Available data ->
..........

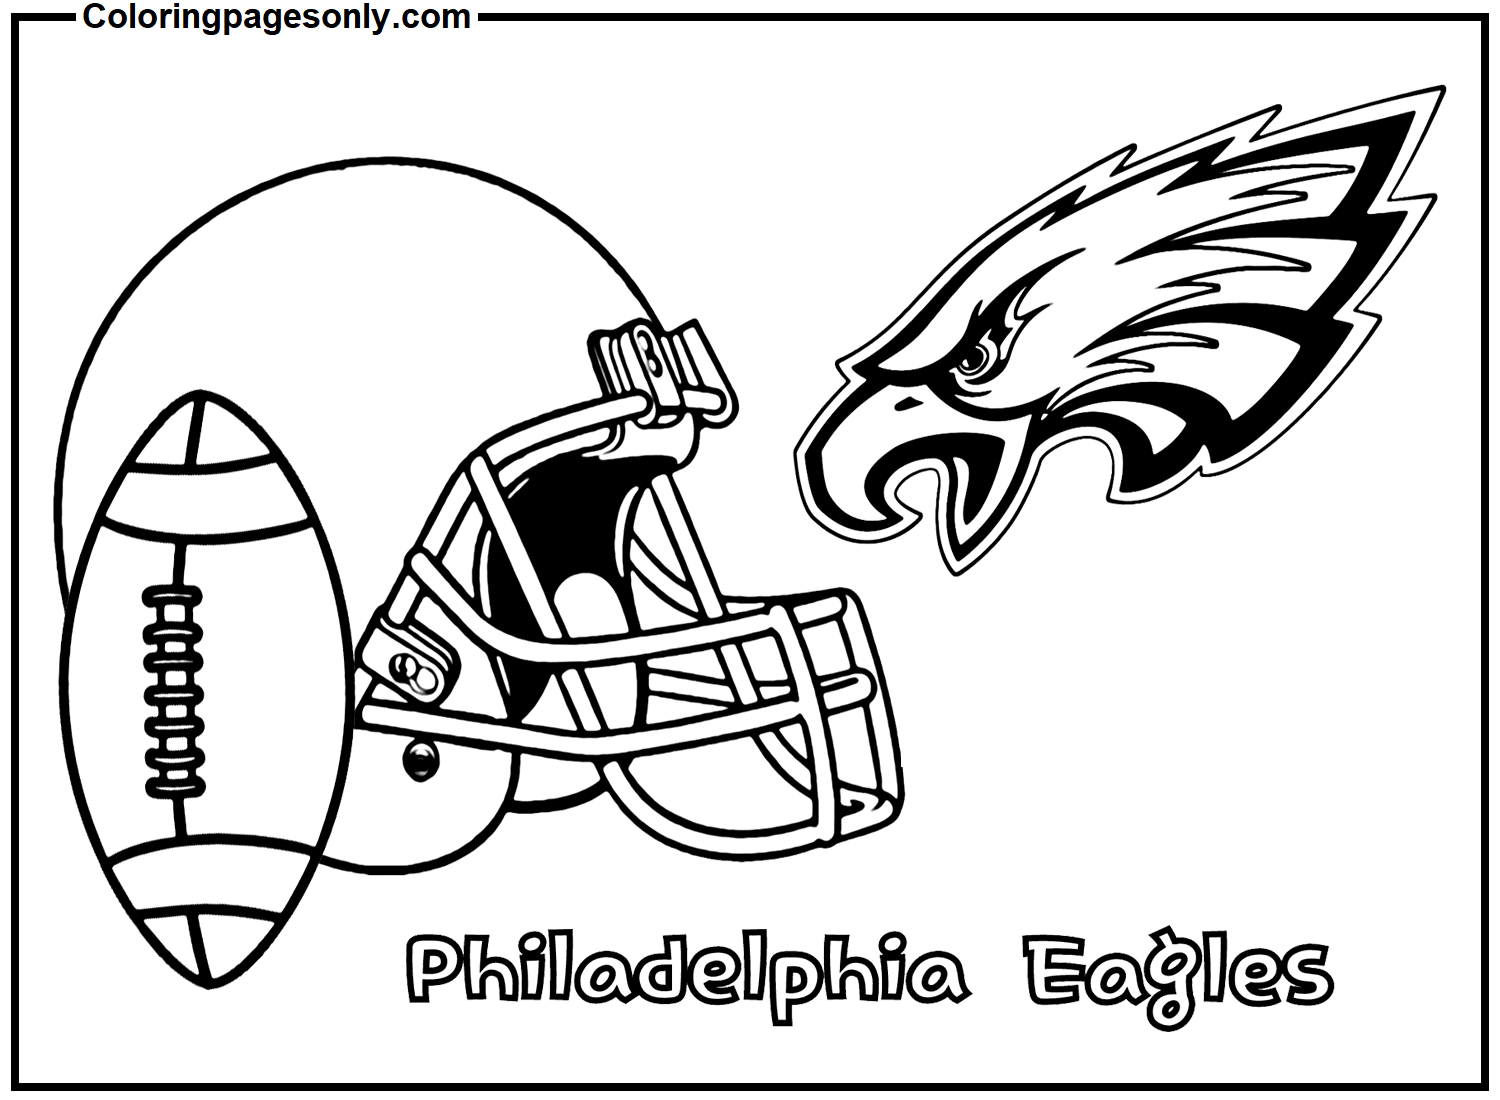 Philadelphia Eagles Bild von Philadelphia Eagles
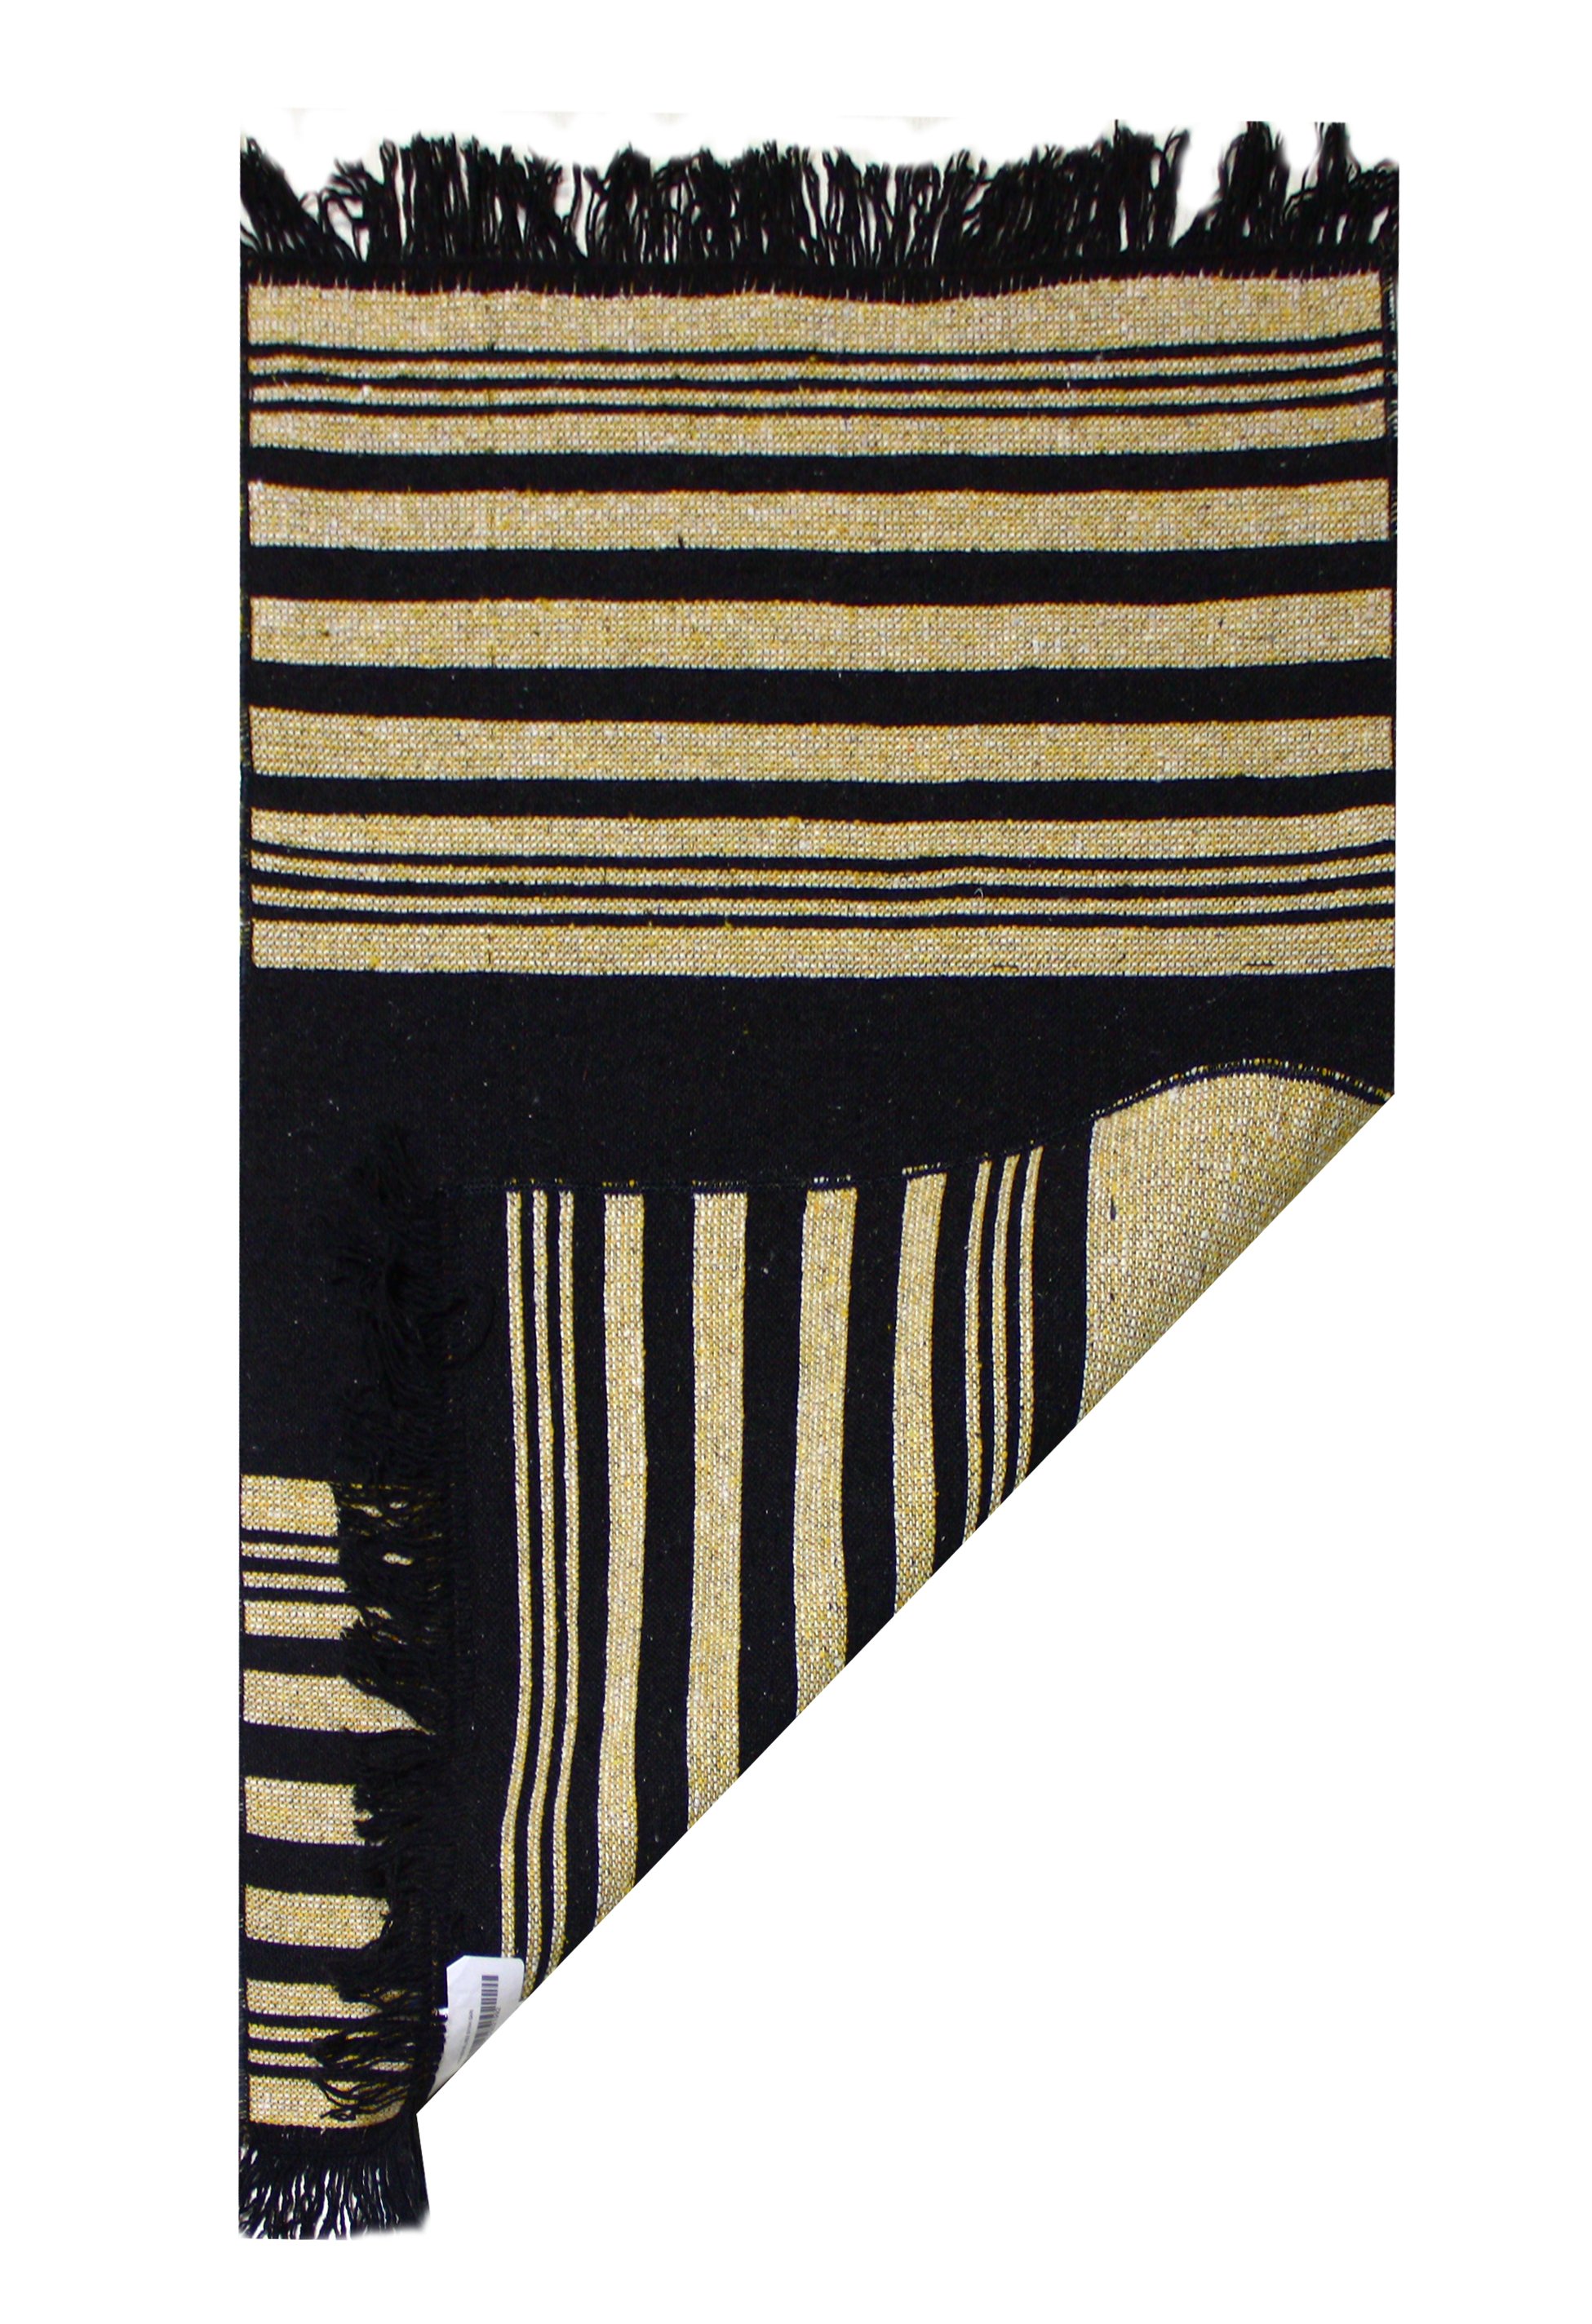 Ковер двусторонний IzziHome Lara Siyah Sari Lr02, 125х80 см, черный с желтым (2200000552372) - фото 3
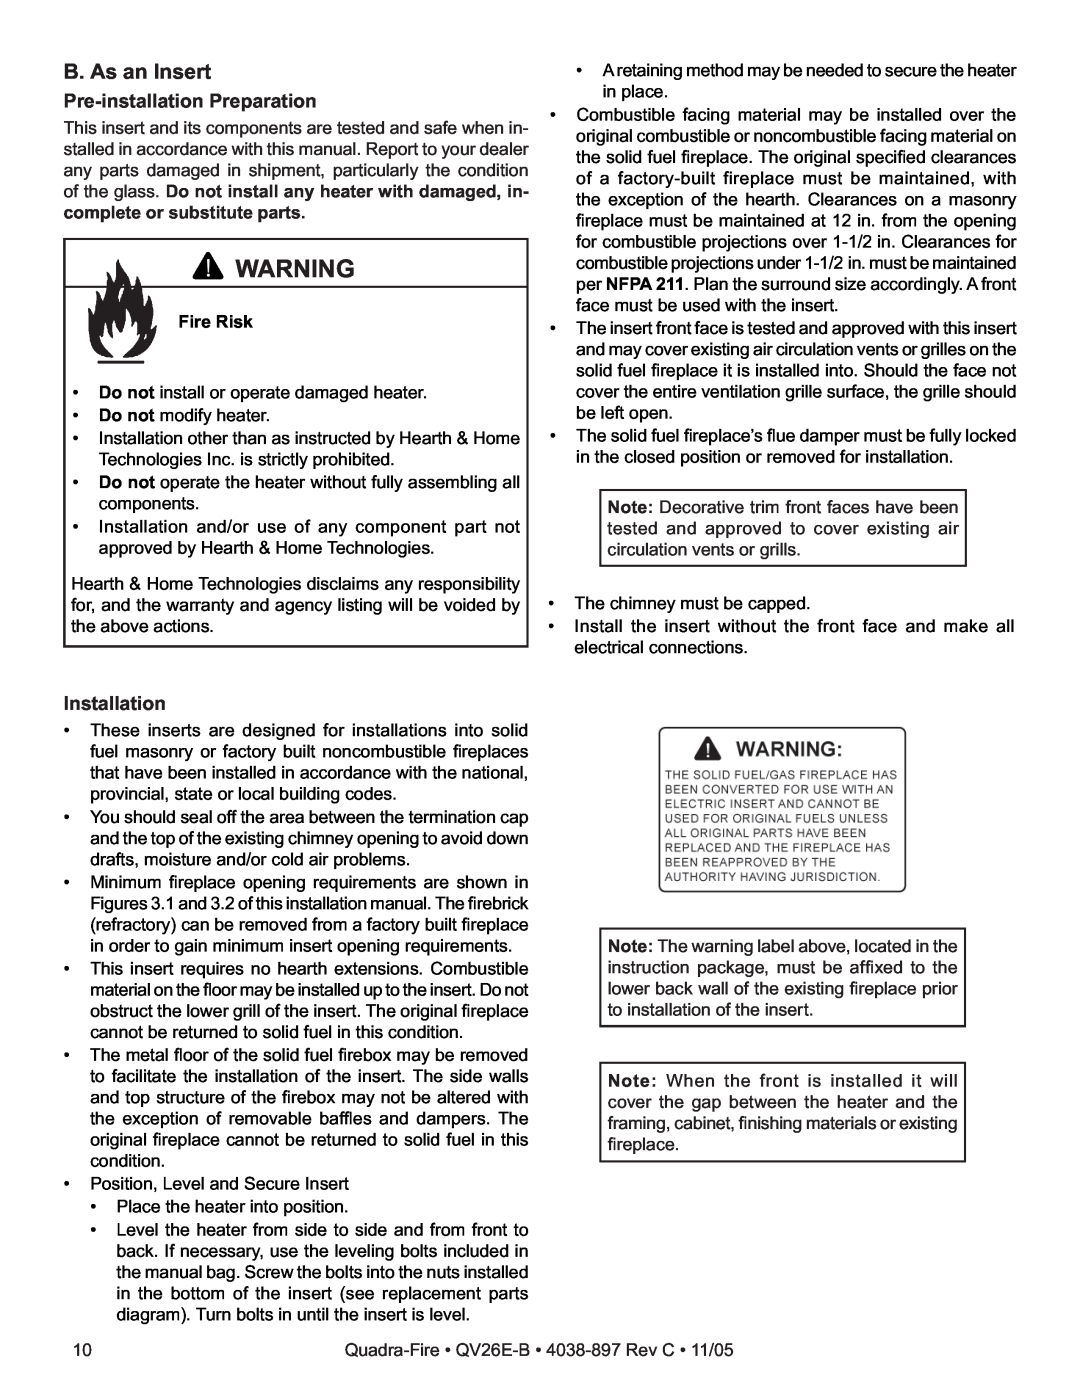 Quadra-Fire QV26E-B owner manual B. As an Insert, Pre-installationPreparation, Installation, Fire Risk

..........

Work to be completed ->
Return only the lines from the one that contains "Ковер двусторонний IzziHome" through the closing line of the data, inclusive, reproduced exactly and with every picture left out.

Response box ->
 Ковер двусторонний IzziHome Lara Siyah Sari Lr02, 125х80 см, черный с желтым (2200000552372) - фото 3
 Quadra-Fire QV26E-B owner manual B. As an Insert, Pre-installationPreparation, Installation, Fire Risk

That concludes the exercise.